Filter Like You Test: Data-Driven Data Filtering for CLIP Pretraining
Mikey Shechter, Yair Carmon
TL;DR
FLYT reframes vision-language data curation as a learnable, data-weighting problem for CLIP pretraining, using gradient signals from downstream tasks to adapt per-example usefulness. The framework introduces a scoring model (q_\\phi) that ingests multiple data-quality signals (\\Psi) and, via a downstream feedback loop, learns which data points contribute most to downstream performance; Mixing-FLYT (M-FLYT) unifies multiple scoring signals, while Soft Cap Sampling (SCS) samples data from the resulting distribution with a repetition penalty to prevent over-representation. On the DataComp medium-scale benchmark, M-FLYT with SCS achieves $40.1\%$ ImageNet zero-shot accuracy and $37.7\%$ average across 38 tasks, representing a clear improvement over prior public-resource methods, and small-scale results corroborate gains.
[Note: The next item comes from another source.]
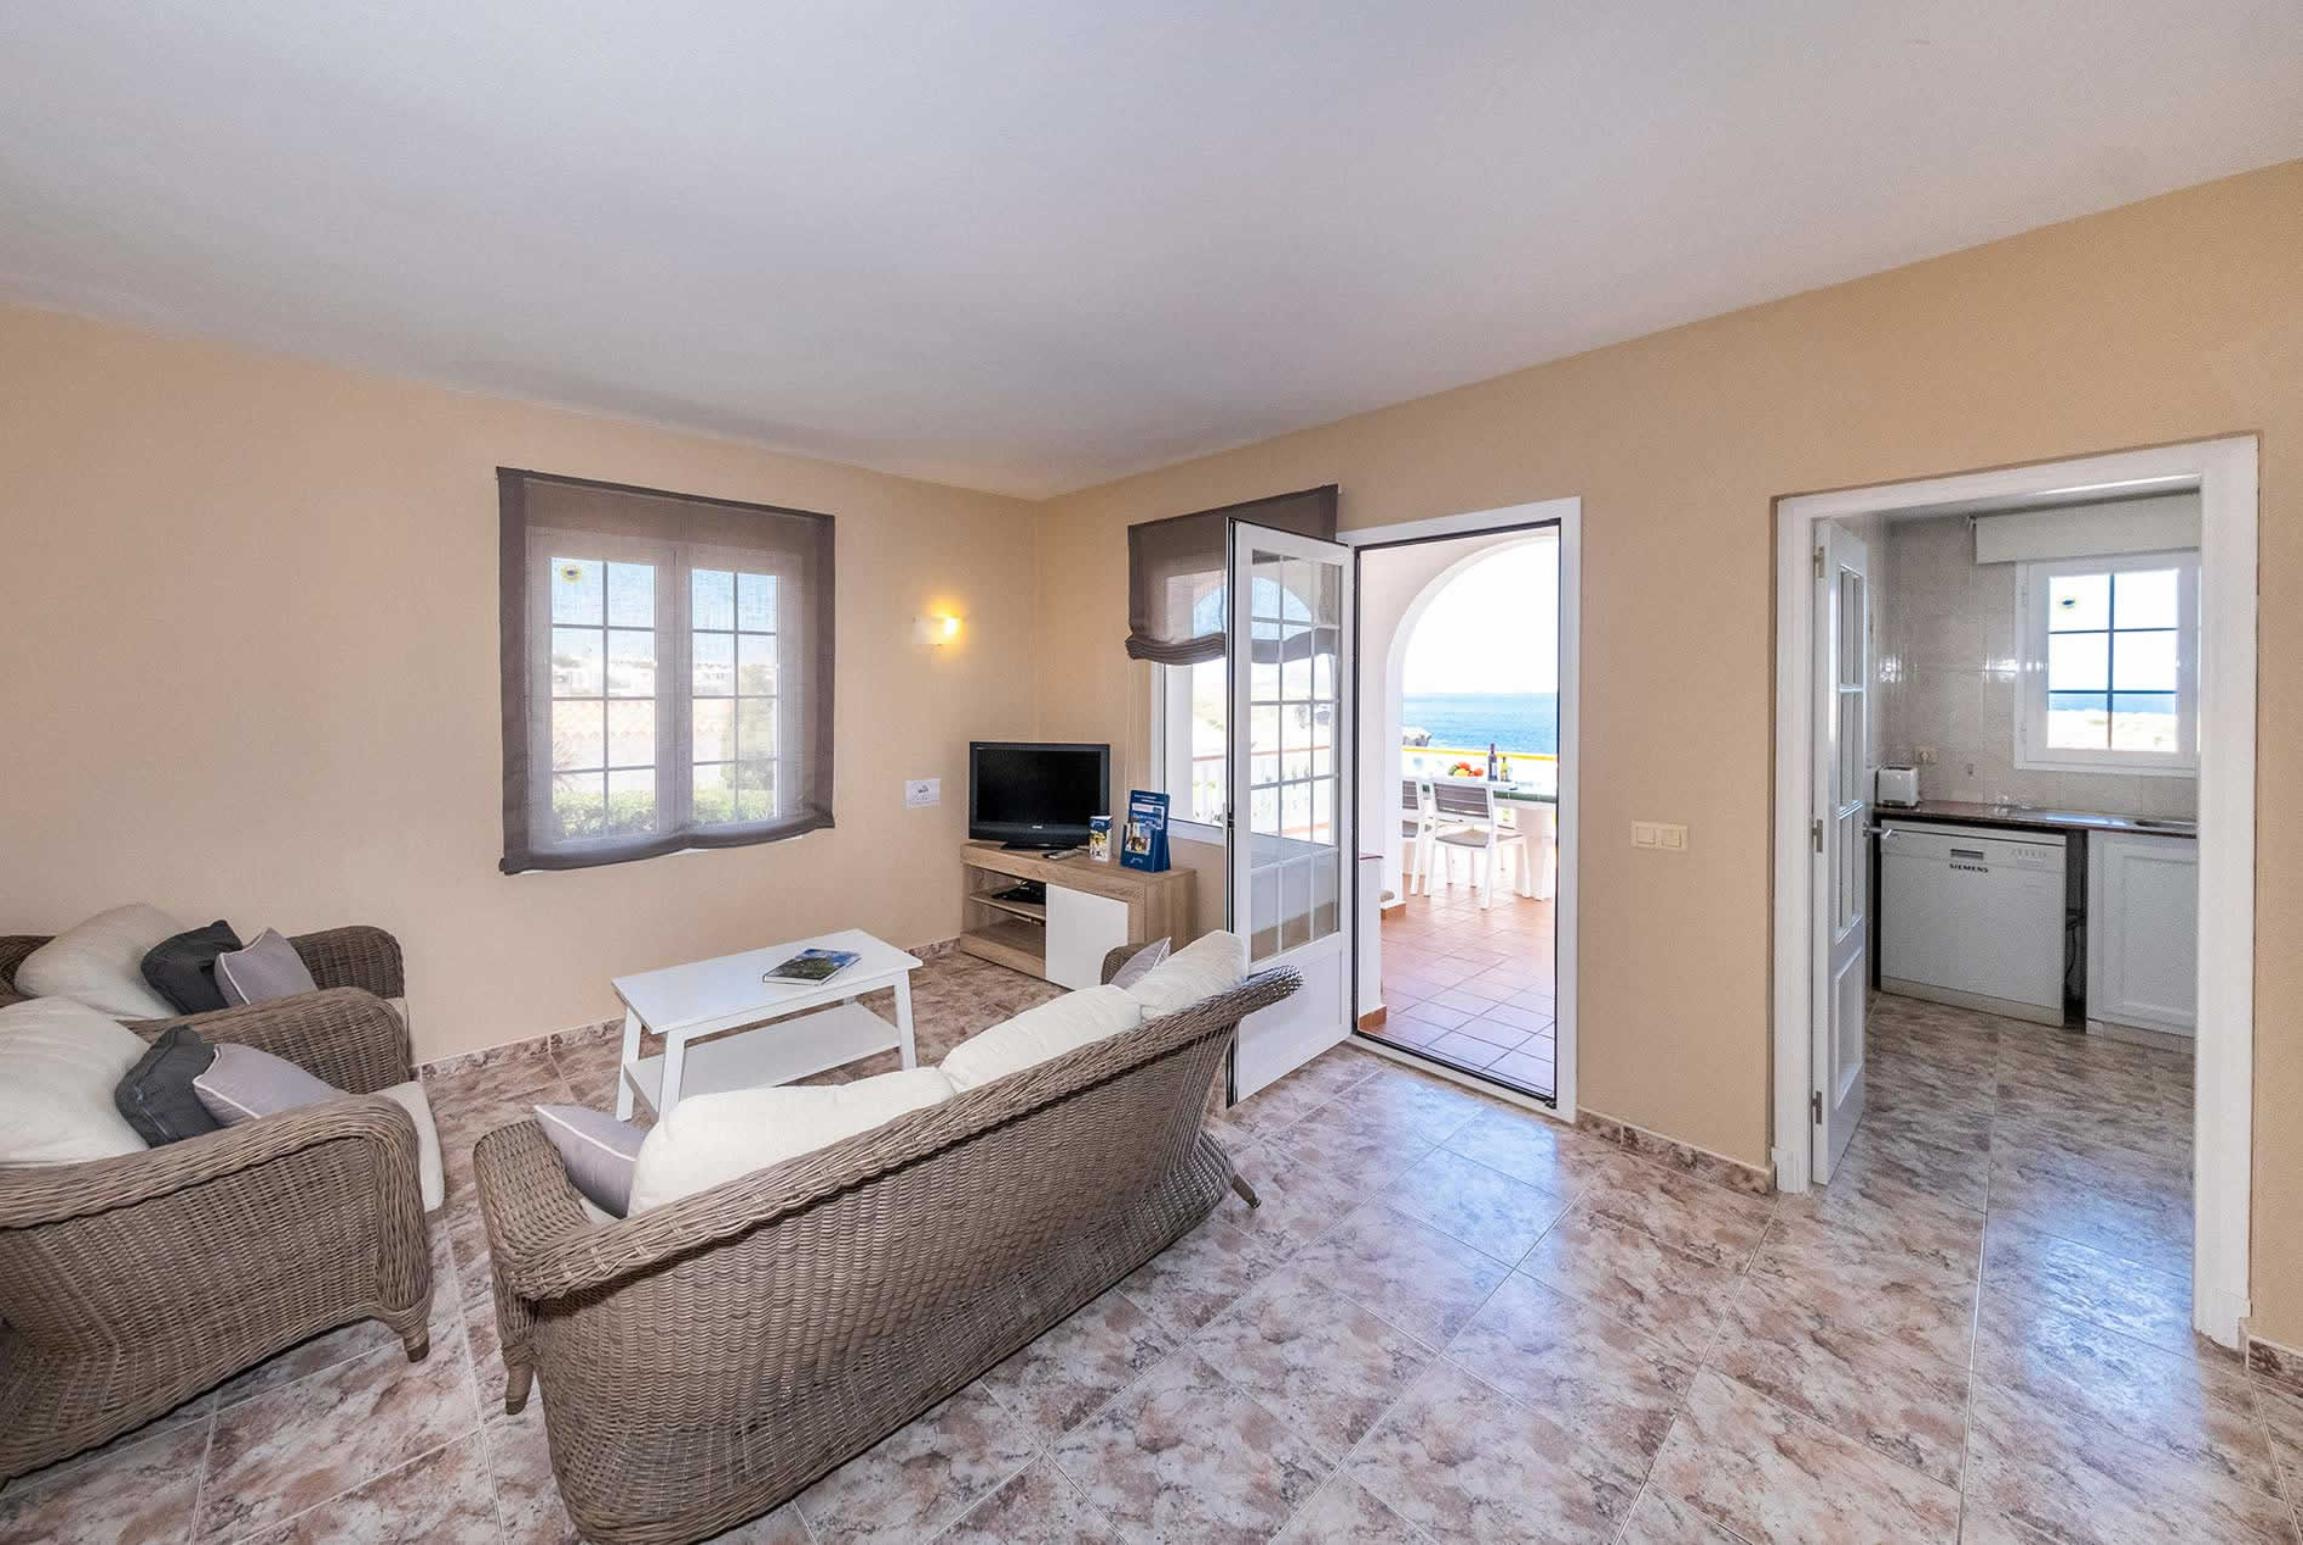 Ferienhaus Bellavista I (2654269), Arenal De'N Castell, Menorca, Balearische Inseln, Spanien, Bild 23

The approach demonstrates a data-centric path to improving large-scale vision-language pretraining, with potential extensions to larger data pools and language-model filtering.”
Abstract
We introduce Filter Like You Test (FLYT), an algorithm for curating large-scale vision-language datasets that learns the usefulness of each data point as a pretraining example. FLYT trains a scoring model that learns to weigh each example's features using gradient signals from downstream tasks training sets. Based on FLYT, we implement Mixing-FLYT (M-FLYT), which takes the per-example scores generated by different scoring methods as features, and learns to unify them into a single score. FLYT naturally produces a distribution over the training examples, which we leverage through Soft Cap Sampling (SCS), a strategy for obtaining a filtered pretraining dataset from per-example probabilities that samples examples while preventing over-representation through a repetition penalty. Using these methods, we achieve 40.1% ImageNet zero-shot accuracy on the DataComp medium scale filtering benchmark, a 2% absolute accuracy increase over all previous results and a 5.5% increase over results that - like us - use only public resources. Our approach also yields 37.7\% on the average of 38 DataComp evaluation tasks, outperforming previous public-resource approaches by 0.4\%.